Direct Payments
They say that “Those that shout the loudest, get heard first, but it’s the ones that speak softly to the heart, that get remembered”. It pays to be kind and to be sincere towards others and shouting will usually get us to the back of the waiting list or conveniently ‘forgotten’. Sometimes though making a good old fuss actually pays off!
Since moving to London over six years ago I have faced many barriers and had to fight for my benefit entitlements. I still get a shiver down my spine when a confidential brown letter arrives in my letter box: “Here comes another benefit cut…”. Many of you reading this will relate to that.
One of my most stressful battles has been securing my carer Direct Payment. For those of you who don’t know, “Direct Payments” are a Government initiative that, in theory, gives service users (i.e. me) money directly to pay for their own care, rather than the traditional route of a local authority providing care direct. This is supposed to give the person receiving the care more autonomy. Sounds pretty straight forward, right? Wrong!
You’ve all read about the “postcode lottery”. Different local authorities have different budgets. Unfortunately for me, London and its many boroughs struggle with the high numbers of people requiring help and it can be hard to get past the obstacles in your way.
The first hurdle is proving you actually need care. You have to be assessed – sending a picture of you in a wheelchair or in hospital isn’t enough.

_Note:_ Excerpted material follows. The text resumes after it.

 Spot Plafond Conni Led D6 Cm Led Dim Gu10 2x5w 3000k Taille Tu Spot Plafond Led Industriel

The assessment process can be unpleasant with questions ranging from your bladder habits to your mental health. Once you’ve been assessed by someone (who may not be a qualified medical professional and might have little knowledge of disability) they decide how many hours of care you qualify for. You may think you need 24 hour assistance but the local authority may not agree! In the past the carer could take you out for social events, like the cinema, shopping meeting friends etc. Now the provision is limited to personal care such as dressing, bathing, and preparing food.
Another problem with the Direct Payment system is that some local authorities require the service user to contribute towards their assistance even if they are not in employment – the postcode lottery again.

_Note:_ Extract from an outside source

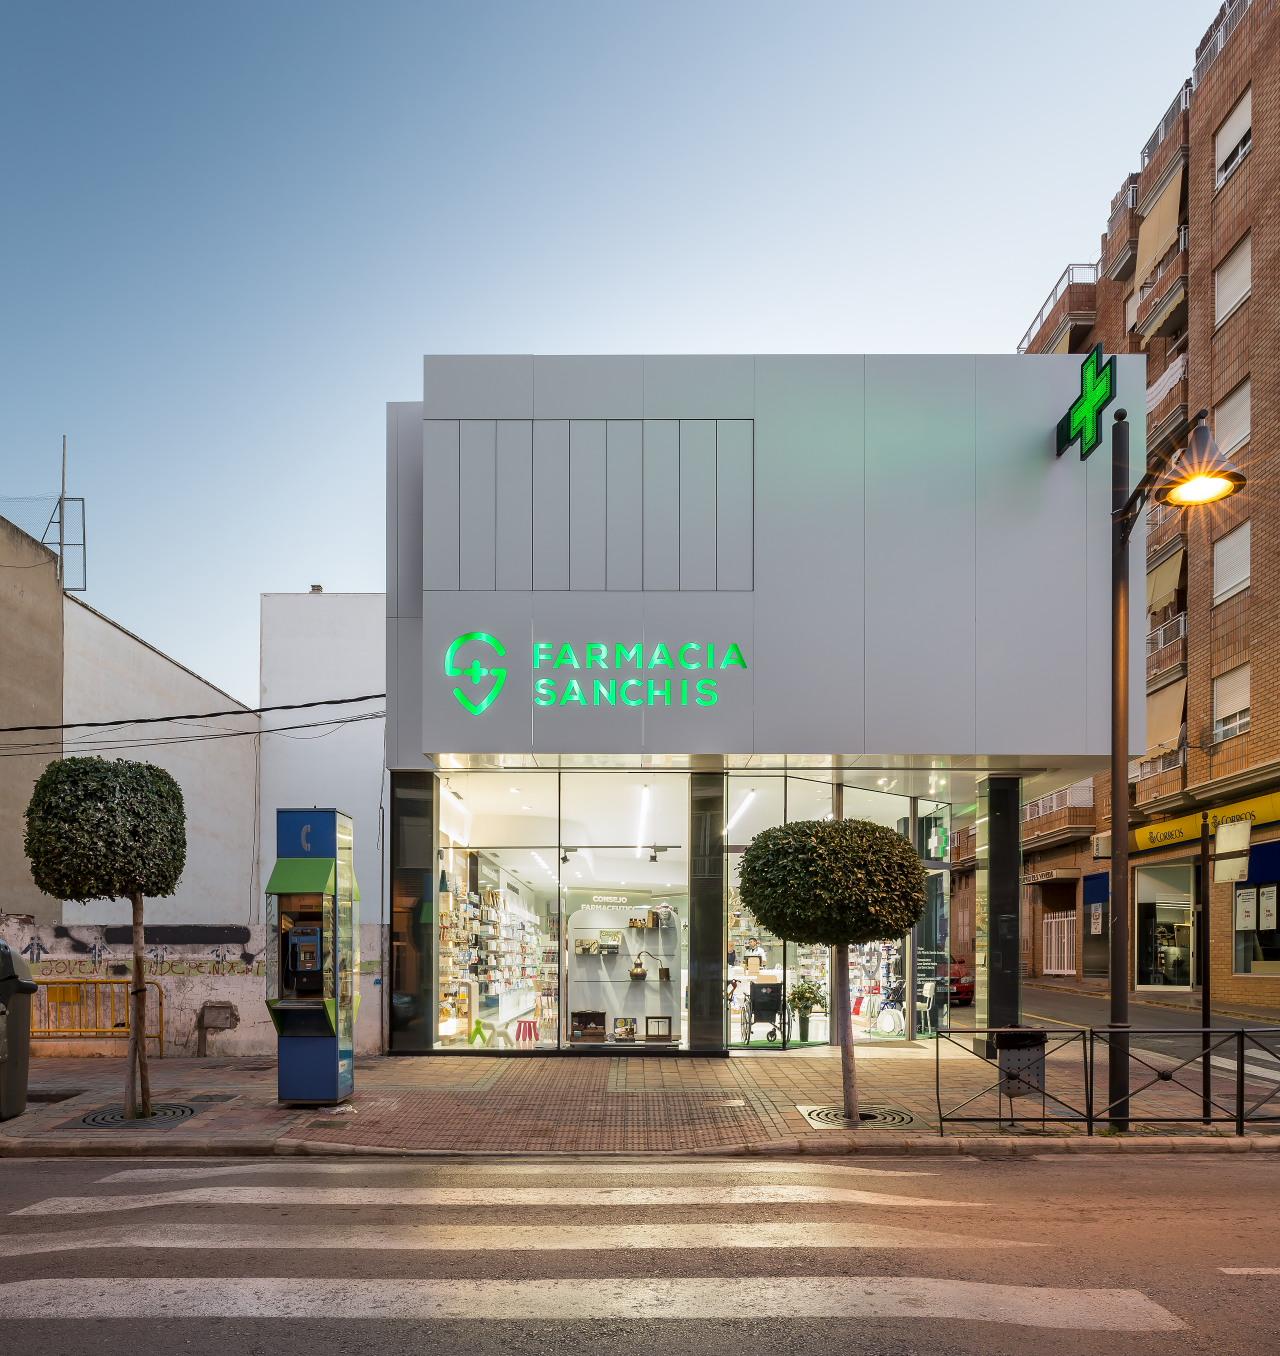 fotografia-arquitectura-valencia-german-cabo-d'estudio-farmacia-sanchis-ribarroja (31)

However, don’t feel desperate, frustrated or defeated. After reading my story you’ll hopefully see that there is light at the end of the tunnel.
Before I came to London, I received 21.5 hours of care time under the Direct Payment system. This enabled me to live an independent life and though I was in full-time employment I was not required to contribute because the local authority funded all my care. I was therefore able to budget for any unforeseen broken bones. After the move to London and another assessment, I was denied any hours, with one assessor pointing out that as I could use a microwave I was self-sufficient. I appealed and was awarded 3 hours and two years later a broken femur “boosted my needs” and that was increased to 10.5 hours but I had to contribute £21 a week. Only when I moved boroughs again did I decide that I was going to fight for everything and push for more help. After yet another Direct Payment assessment I was awarded 15.5 hours but my contributions were increased to £57 a week. I felt penalised for moving to better accommodation so I appealed again. I was successful – the 15.5 hours of care time stayed the same but my personal contribution was removed, saving me £228 a month!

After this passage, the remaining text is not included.